ASSIGNMENT => Would you repeat each line below exactly, without the pictures?

═══ INFORMATION PROVIDED

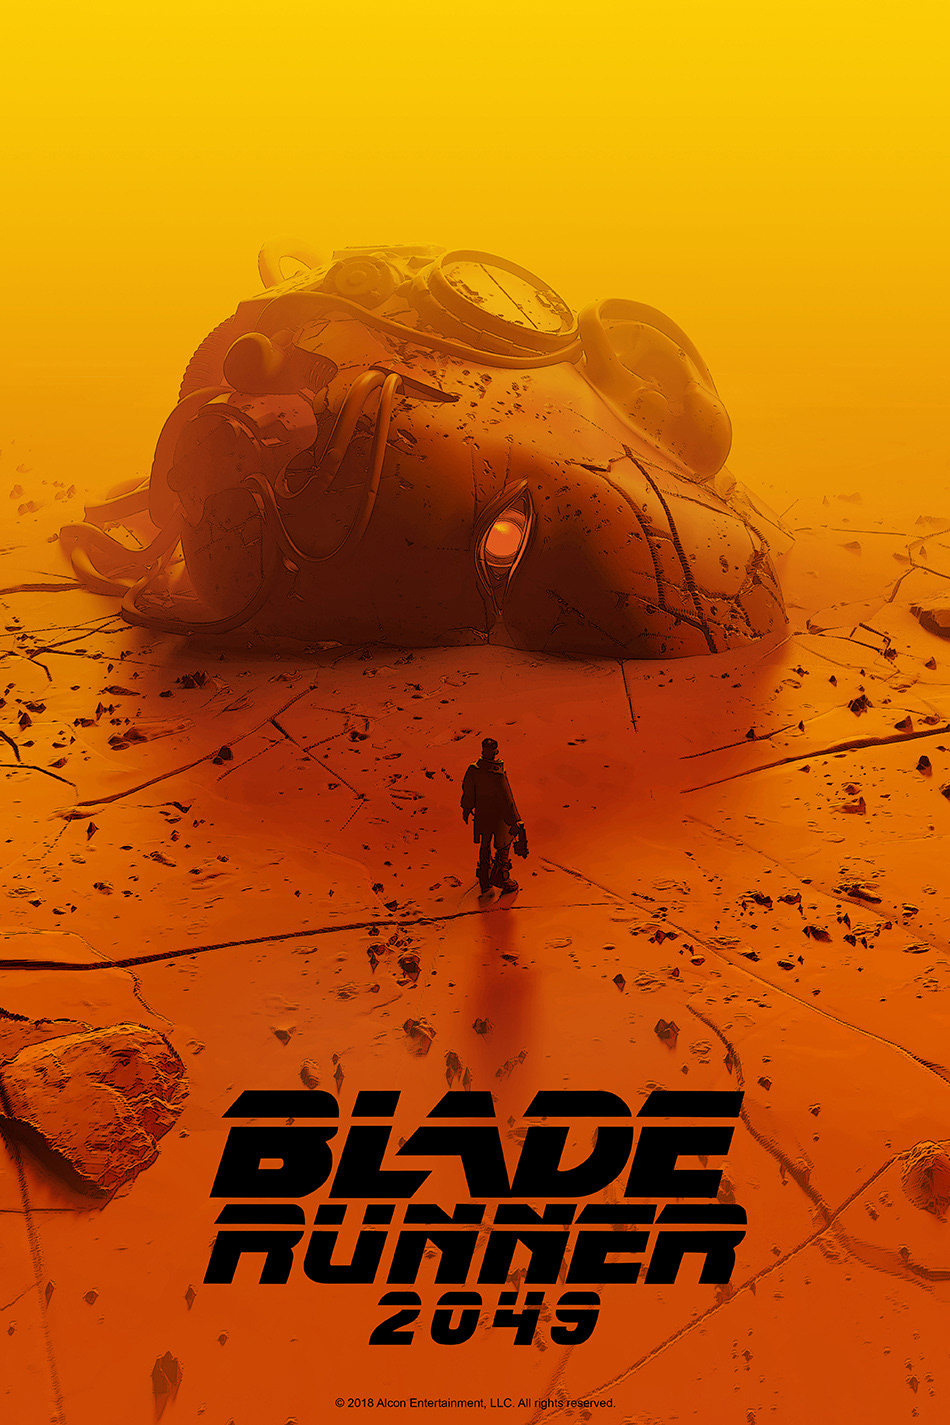 Bladerunner Cyberpunk poster art
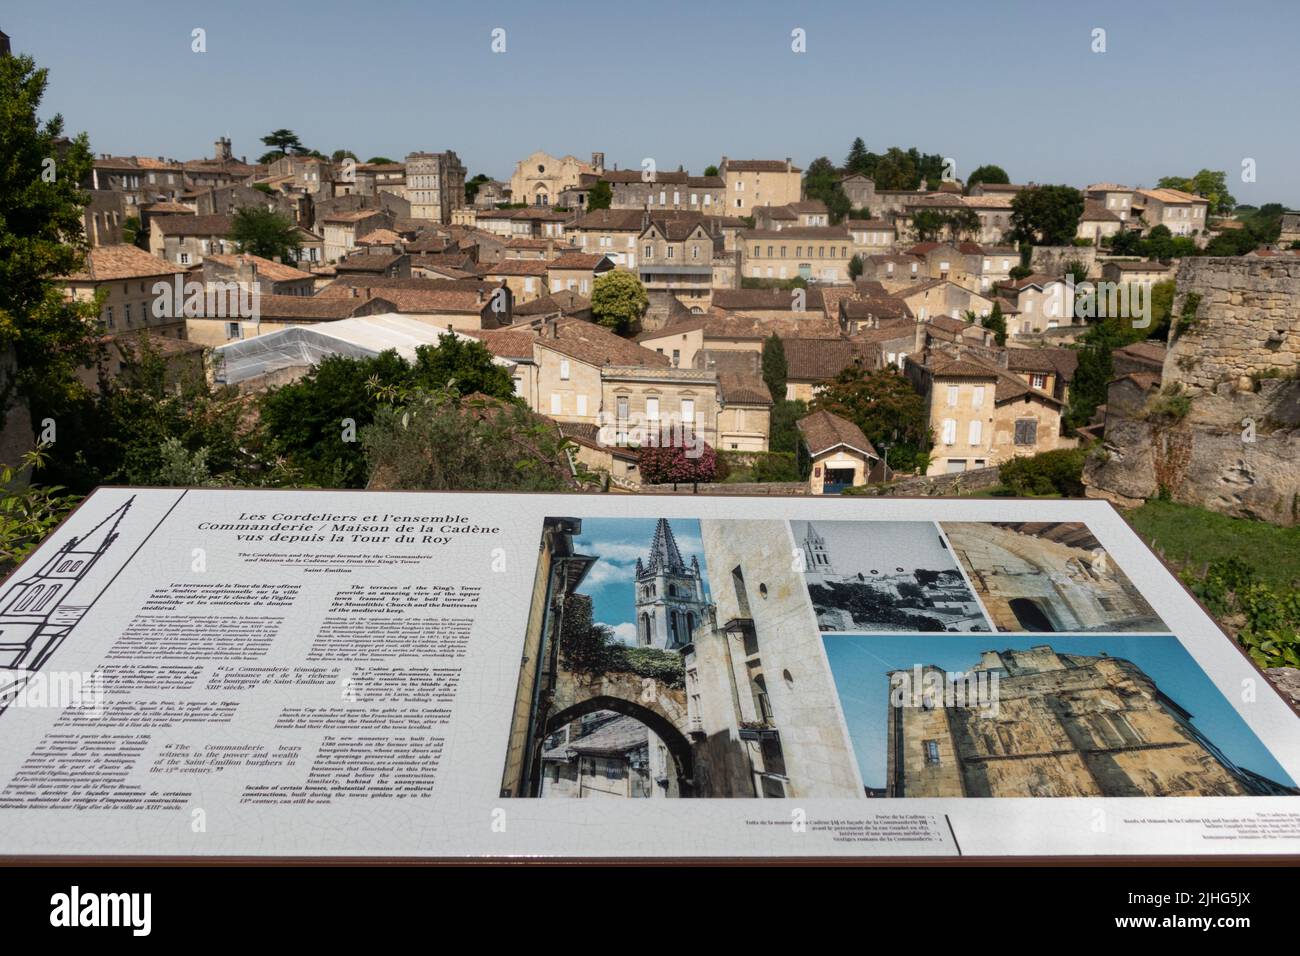 Informationstafel mit Blick auf die Terrassen vom Turm des Roy, auch bekannt als der Königsturm oder Kings Keep n Saint-Émilion France Stockfoto
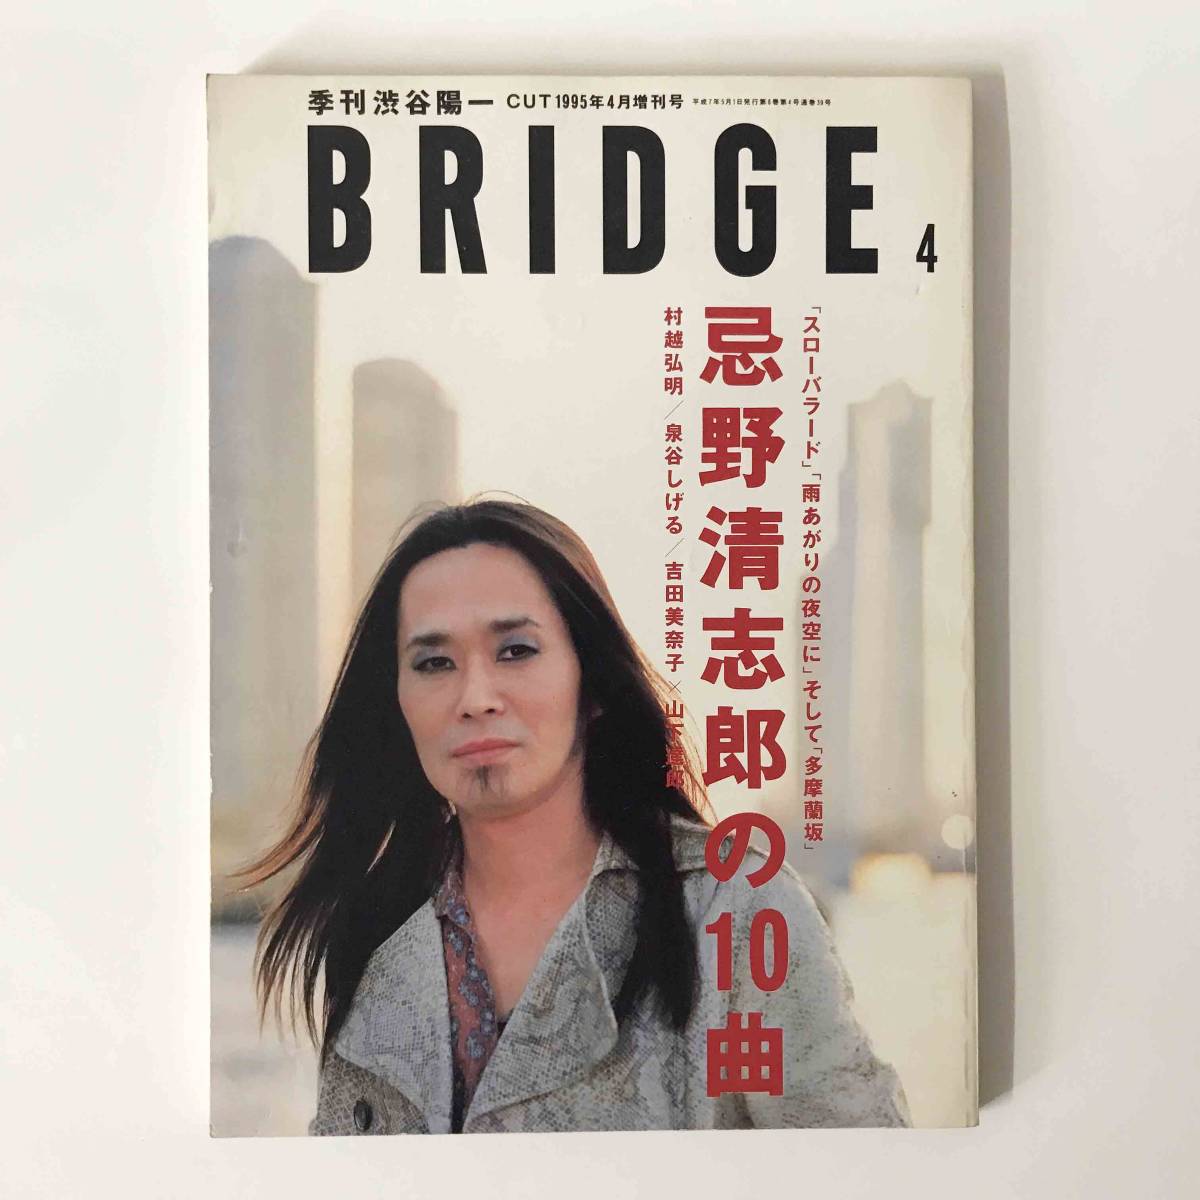  Bridge BRIDGE Imawano Kiyoshiro сезон . Shibuya . один CUT1995 год 4 месяц больше . номер

══════

SOLUTION =>
 Bladerunner Cyberpunk poster art
 Informationstafel mit Blick auf die Terrassen vom Turm des Roy, auch bekannt als der Königsturm oder Kings Keep n Saint-Émilion France Stockfoto
  Bridge BRIDGE Imawano Kiyoshiro сезон . Shibuya . один CUT1995 год 4 месяц больше . номер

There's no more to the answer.